Subsection 9-25(5) of the GST Act provides that a supply of anything other than goods or real property is connected with Australia if:

a)    the thing is done in Australia; or

b)    the supplier makes the supply through an enterprise that the supplier carries on in Australia; or

c)    all of the following apply:

                      i.        neither paragraph (a) nor (b) applies in respect of the thing;

                     ii.        the thing is a right or option to acquire another thing;

                    iii.        the supply of the other thing would be connected with Australia; or

d)    the recipient of the supply is an Australian consumer.

To satisfy whether your supply of services will be connected with Australia, you need to meet one of the listed elements in subsection 9-25(5) of the GST Act. Since you make the supply through your enterprise carried on in Australia in FY2022, your supply will satisfy paragraph 9-25(5)(b) of the GST Act.

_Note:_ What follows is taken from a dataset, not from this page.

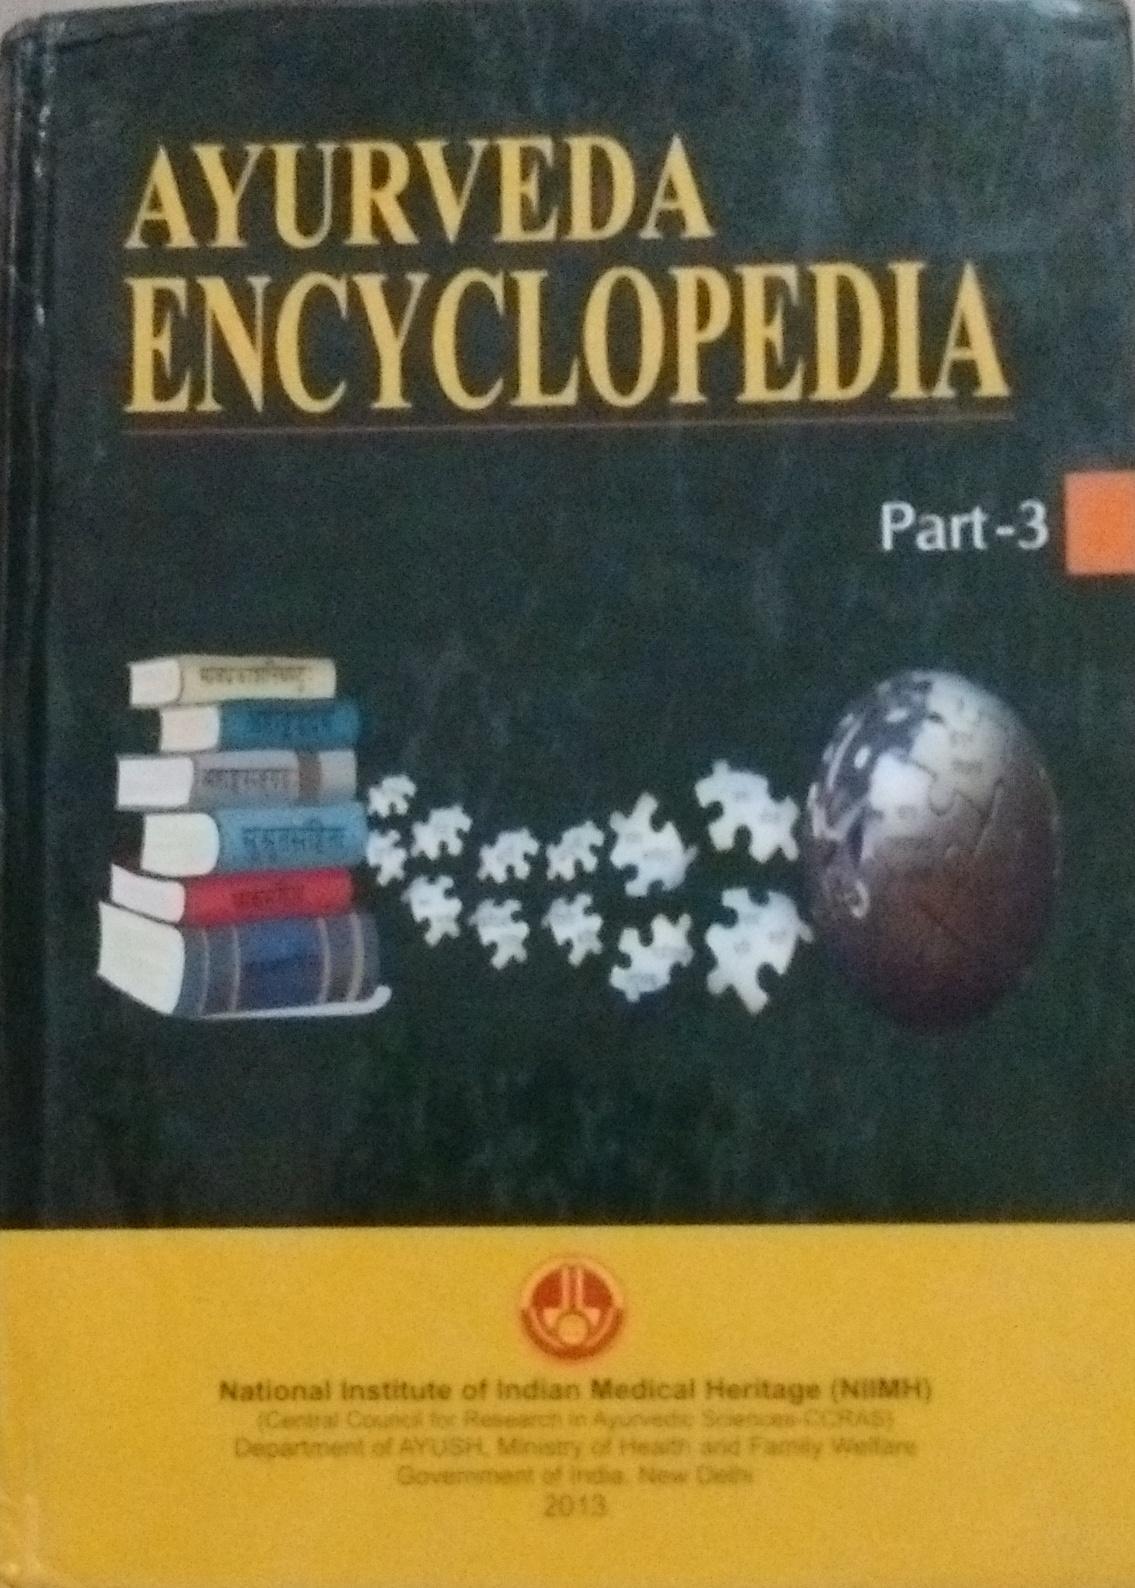 Ayurveda Encyclopedia (Sanskrit Text with Hindi Translation
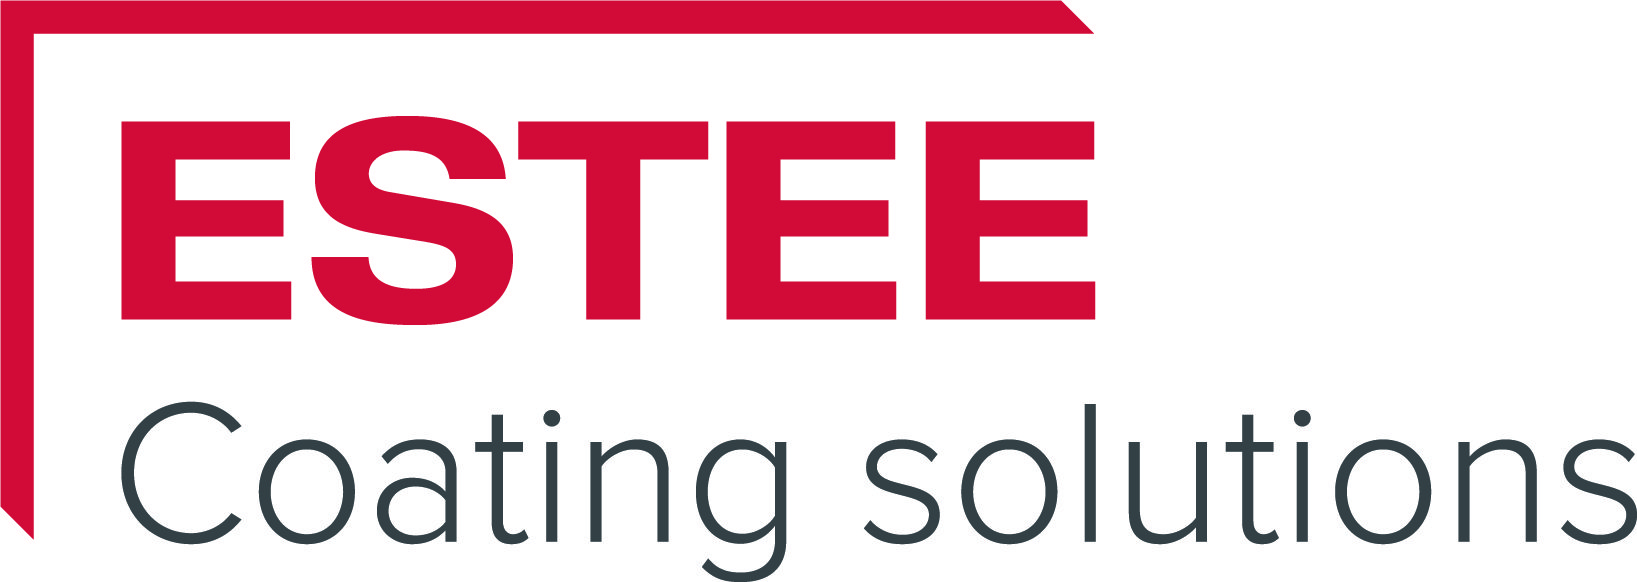 ESTEE Coating Solutions logo

Paragraphs 9-25(5)(a) to (c) does not apply for FY2023 as you were a non-resident. You left Australia in January 2022 for Canada and then relocated to New Zealand. You do not carry on an enterprise in Australia from January 2022 or make supplies from Australia.

Based on the information provided, you do not supply services to Australia or any Australian branch in connection with the non-resident entity and therefore the recipient is not an 'Australian consumer' under paragraph 9-25(5)(d) of the GST Act and the supply will not be connected with Australia.

Since you do not satisfy all the requirements of section 9-5 of the GST Act, your supply of services to the non-resident entity under the Partnership Agreement will not be taxable in FY2023.